The important thing to note here is the $-$ in the exponent, which allows us to write \ref{1} as follows (see this)

$$\mathcal{L} = \sum_{i=1}^{N} \frac{1}{e^{y_{i} f\left(\mathbf{x}_{i}\right)}} \tag{2}\label{2}$$

So, the loss becomes smaller the higher $y_{i}$ and $f\left(\mathbf{x}_{i}\right)$ are. If, for example, $y_{i}$ is negative and $f\left(\mathbf{x}_{i}\right)$ positive (or vice-versa), then \ref{2} would be higher. If both are positive or negative, then the loss will be smaller, as we will be summing fractions of the form $\frac{1}{e^k} < 1$ for some positive constant $k$: the higher the $k$, the smaller the loss.

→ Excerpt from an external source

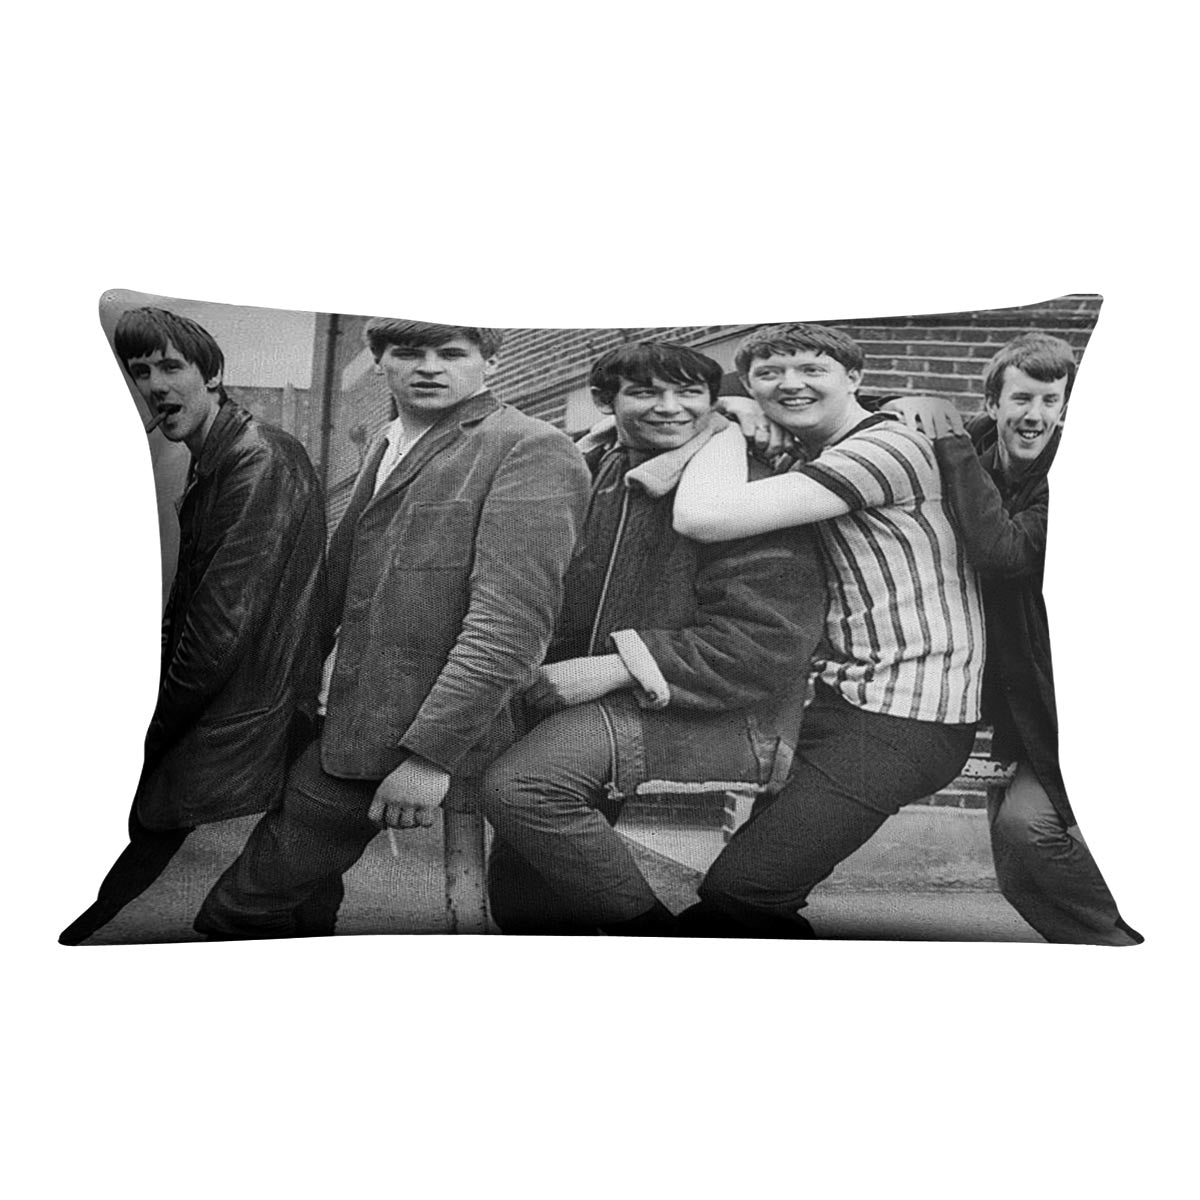 The Animals in Londn Cushion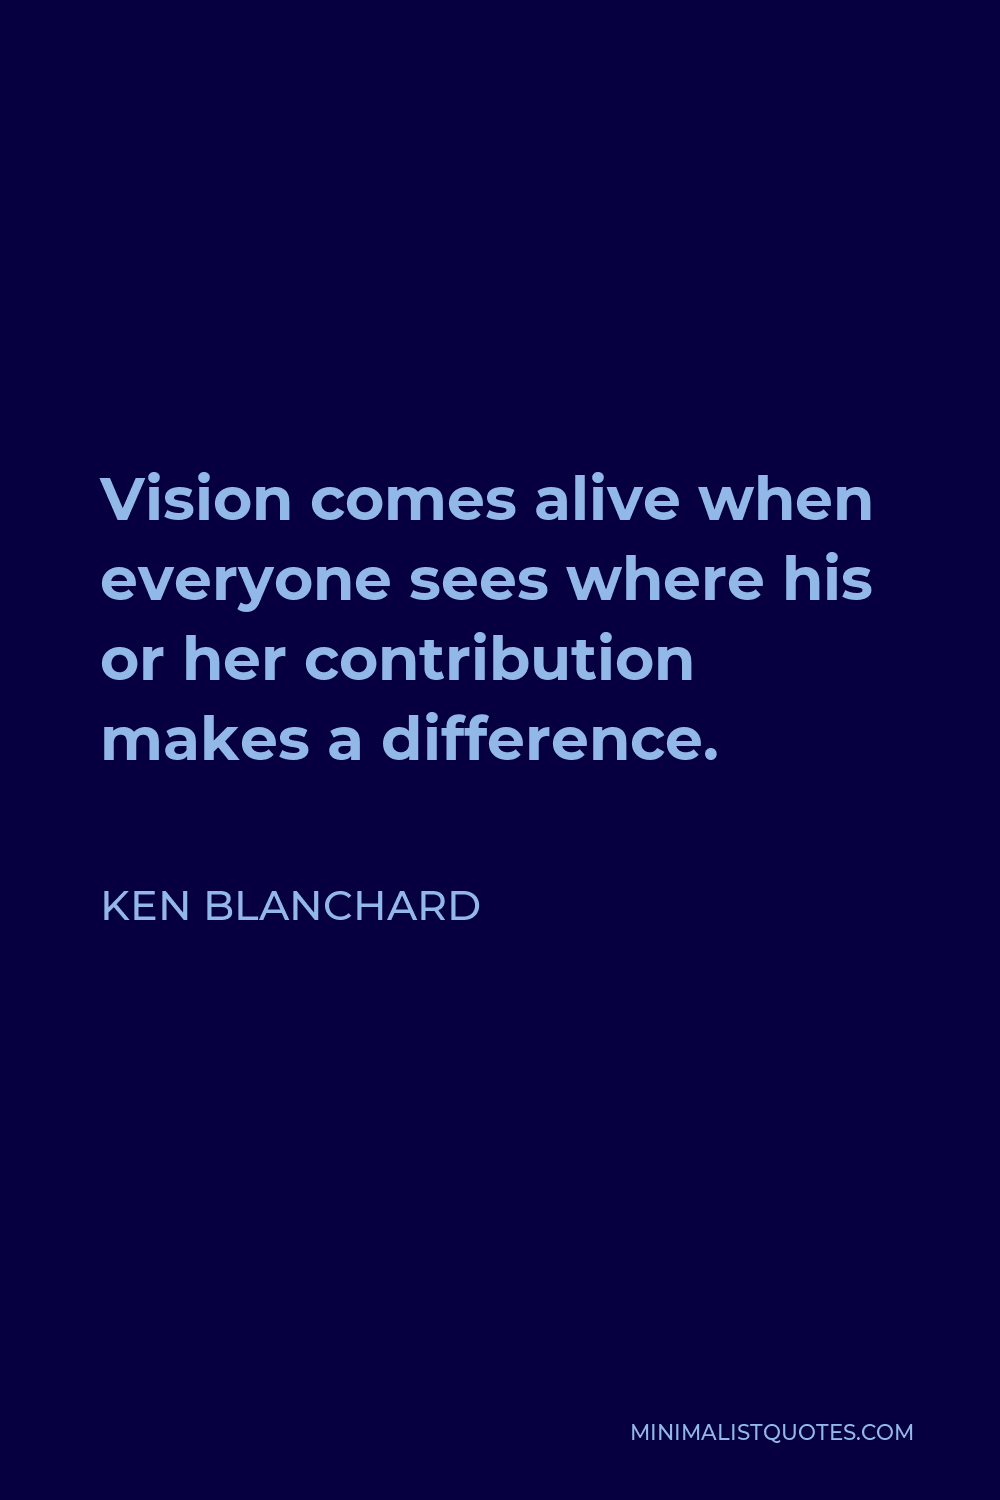 Ken Blanchard Quote - Vision comes alive when everyone sees where his or her contribution makes a difference.

So, if you use this loss, it seems that you want that

  1. $y_{i}$ and $f\left(\mathbf{x}_{i}\right)$ have the same sign (either both negative or both positive)
  2. $f\left(\mathbf{x}_{i}\right)$ is as high as possible (note that you cannot change $y_{i}$), which could even be much higher (in terms of magnitude) than $y_{i}$ (not sure why they would want this)

I don't know why they chose this loss function because I didn't read the paper (yet), but it seems to me that this is how you should interpret this loss function.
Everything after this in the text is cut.